Your output should include temperature, KE, PE and Total E.

import pandas as pd

data = pd.read_csv("water_box/water.out",sep="\t")
display(data)
#using iloc I can select the 3rd column
myPE = data.iloc[:,2]
myKE = data.iloc[:,3]
myT = data.iloc[:,5]
myDens = data.iloc[:,7]

	#"Step"	Time (ps)	Potential Energy (kJ/mole)	Kinetic Energy (kJ/mole)	Total Energy (kJ/mole)	Temperature (K)	Box Volume (nm^3)	Density (g/mL)
0	10	0.11	-15852.863671	1946.993188	-13905.870483	176.001094	9.353182	0.946724
1	20	0.12	-15597.068406	1758.497530	-13838.570876	158.961773	9.353182	0.946724
2	30	0.13	-15719.284506	1757.676208	-13961.608297	158.887529	9.338105	0.948253
3	40	0.14	-15856.482367	2010.354291	-13846.128076	181.728707	9.338105	0.948253
4	50	0.15	-15583.168041	1850.758898	-13732.409143	167.301865	9.268756	0.955348
...	...	...	...	...	...	...	...	...
4995	49960	50.06	-14399.581223	3315.126929	-11084.454295	299.675402	8.586259	1.031285
4996	49970	50.07	-14448.337692	3320.166359	-11128.171332	300.130949	8.586259	1.031285
4997	49980	50.08	-14448.884486	3343.899860	-11104.984626	302.276371	8.556562	1.034865
4998	49990	50.09	-14419.638159	3334.846615	-11084.791544	301.457990	8.648801	1.023828
4999	50000	50.10	-14345.658959	3278.600705	-11067.058254	296.373565	8.568750	1.033393

5000 rows × 8 columns

import matplotlib.pyplot as plt

plt.plot(myPE)
plt.plot(myPE[200:])

[<matplotlib.lines.Line2D at 0x13f6c0140>]

_images/ac54a0de454d5b491634322112dd399aa93320bbf29562f40d22995b2f5946f8.png

plt.plot(myDens)
plt.plot(myDens[200:])

[<matplotlib.lines.Line2D at 0x13f72bb90>]

_images/f1d093eff9ef6635fcabe1f6122a0379eca5a62f8c6e23b9634af7edcb3fbae0.png

plt.plot(myT)
plt.plot(myT[200:])

[<matplotlib.lines.Line2D at 0x12f204740>]

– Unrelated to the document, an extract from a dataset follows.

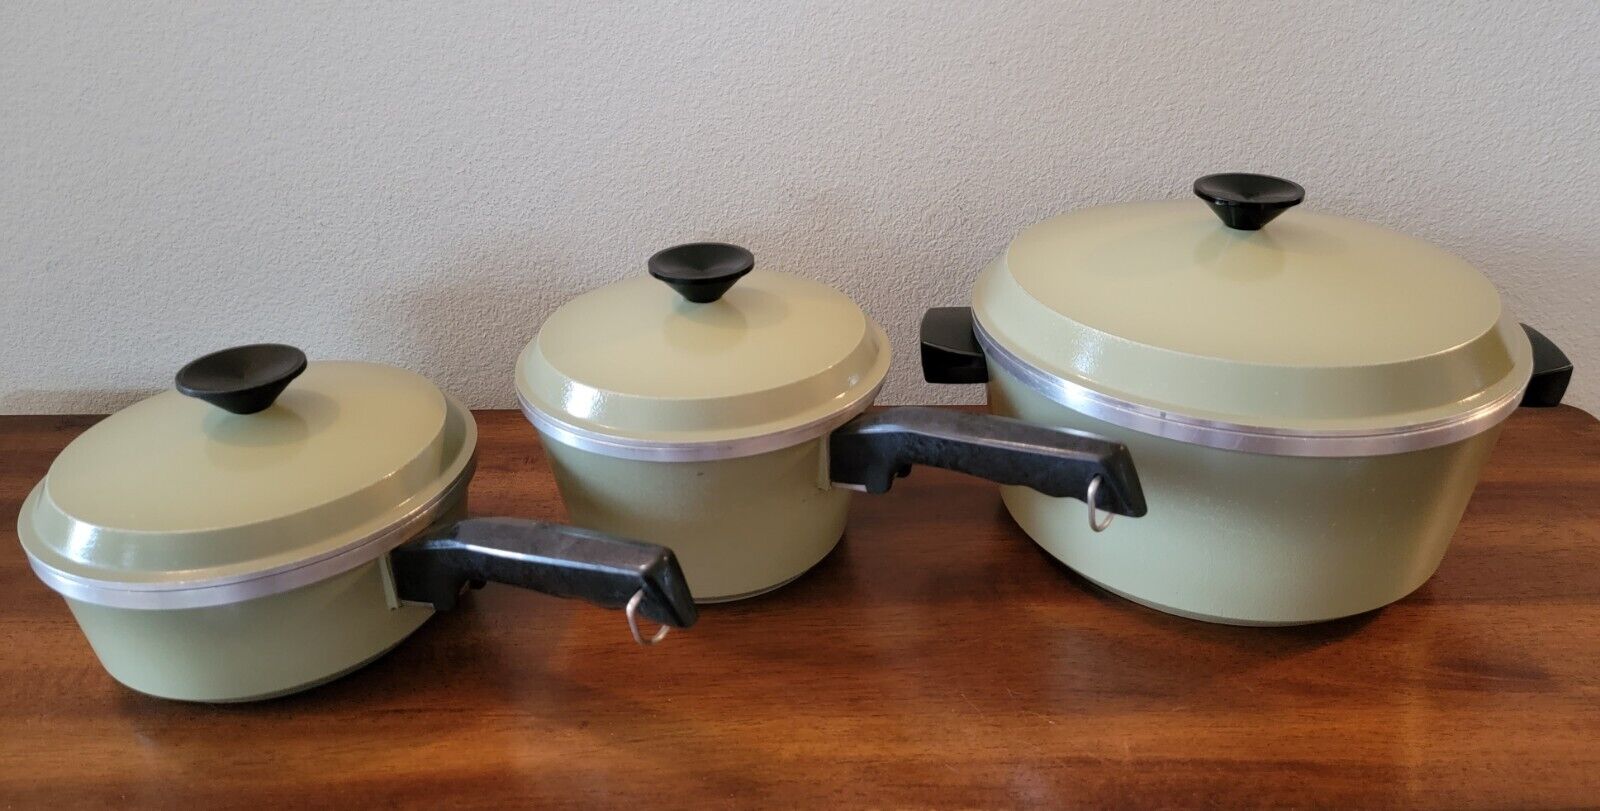 VTG Colorama Cookware by Regal Avocado Green 6 Piece Pot Set w/Lids. '60-70s.

_images/3a0a3f89eff51466eb3bcfee4cbbd2d7e55413d078a6c43d51ec5168de444efb.png

Your turn

In a similar fashion as above, plot the kinetic energy, the total energy of the system, and the temperature
Why is the kinetic energy always positive and the potential always negative?
At what portion of the simulation are your properties stable enough that allow you to start “measuring”?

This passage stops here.